Furthermore, in univariate analysis, we found a significant association between younger age at first IFX infusion and favorable early clinical response (median age (IQR) 35.7 (25.2–48.6) years versus 41.6 (30.6–57.3) years, Mann-Whitney U test, P = 0.041). This finding was independent of age at diagnosis and disease duration before first IFX infusion, but not from the serotype. In a previously reported paper, similar data were found in a Belgian cohort of CD patients who received IFX for refractory luminal (n = 137) or fistulizing (n = 103) disease.28 Two other papers from the United Kingdom and the United States, however, did not find such association, in a smaller cohort of CD patients of 74 and 100 CD patients, respectively.27, 29
Concomitant immunosuppressive therapy with azathioprine or methotrexate did not influence early clinical response in our cohort of UC patients. However, this does not exclude an influence on the long run. In CD, several studies showed a clear benefit of concomitant immunosuppressive therapy in patients with refractory luminal disease.28, 29
There was no different early clinical outcome after application of an induction scheme with IFX at weeks 0, 2, and 6 or a single infusion with IFX. Up to now, the randomized clinical trials with IFX in UC, only used the induction scheme in all their patients.18 This has become a common practice, mainly to reduce immunogenicity, and not to improve efficacy. In the ACCENT 1 trial, for example, the clinical benefit of 3 infusions over 1 single infusion was only 13%.30 Further studies, including long term responses, are necessary to conclude on these finding.

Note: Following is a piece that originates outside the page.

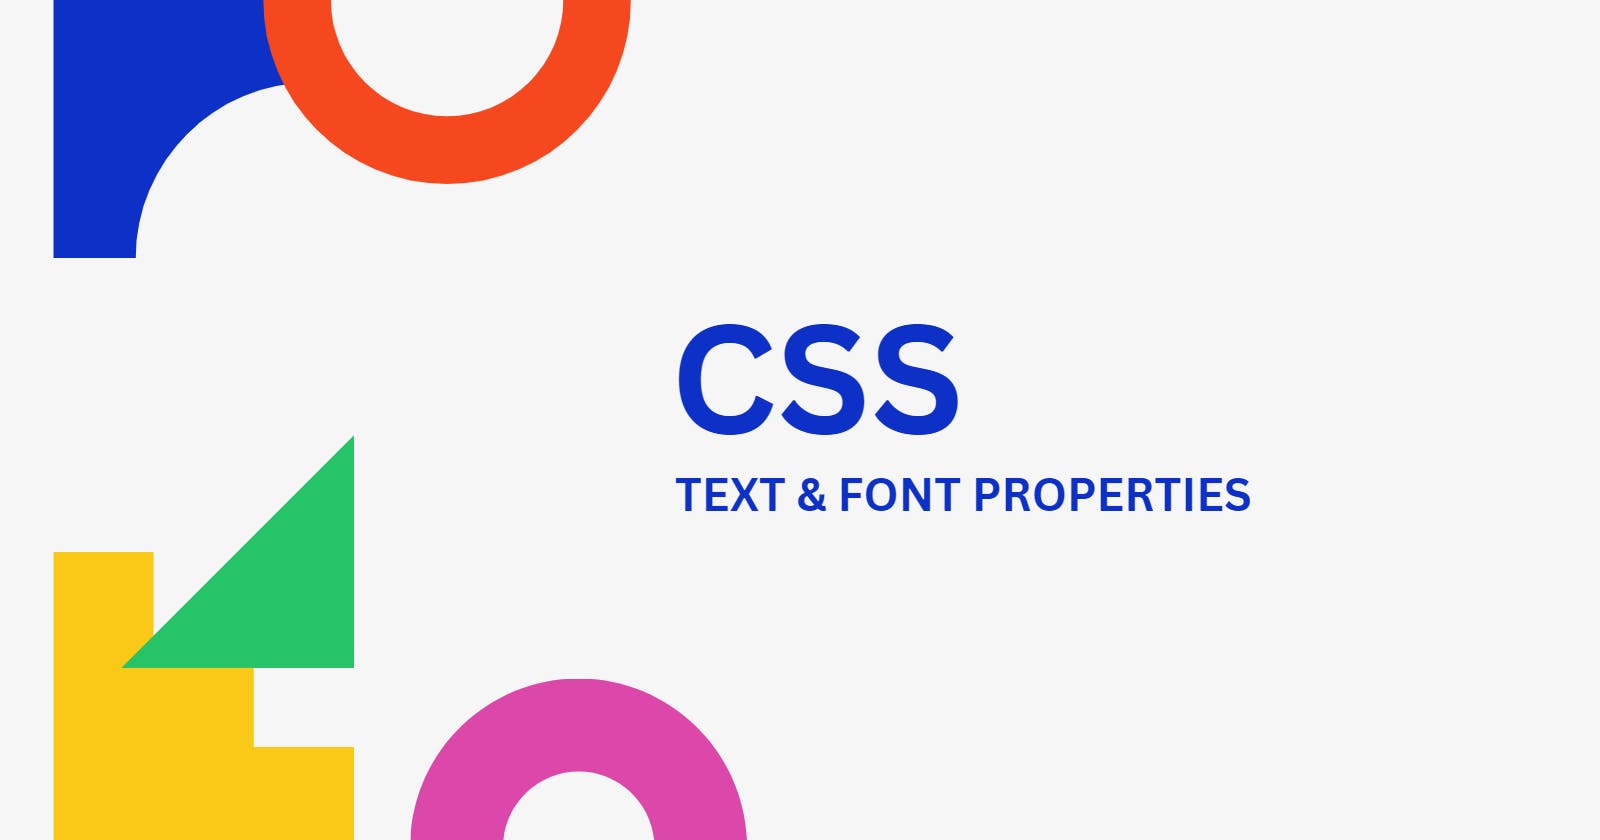 Text & Font Properties

Because only one-half of the UC patients included in this study underwent an endoscopic evaluation, we were unable to conclude firmly on predictors of early mucosal healing.
During a median (IQR) follow-up of 2.7 (range, 0.4–6.4) years, we did not find predictors of colectomy, but only 11% of the 100 UC patients failed medical therapy. Longer follow-up is undertaken. Interestingly, from the 5 patients who received IFX for severe corticosteroid-refractory disease only 1 patient did not show response to IFX and needed a colectomy within 2 months.
In conclusion, IFX is an efficient therapy in UC. Patients with a pANCA+/ASCA− serotype had a significant lower clinical response 4 to 10 weeks after the IFX administration, but this was still 55%. Concomitant immunosuppressive therapy and the use of an induction scheme with IFX at weeks 0, 2 and 6, did not influence early clinical response.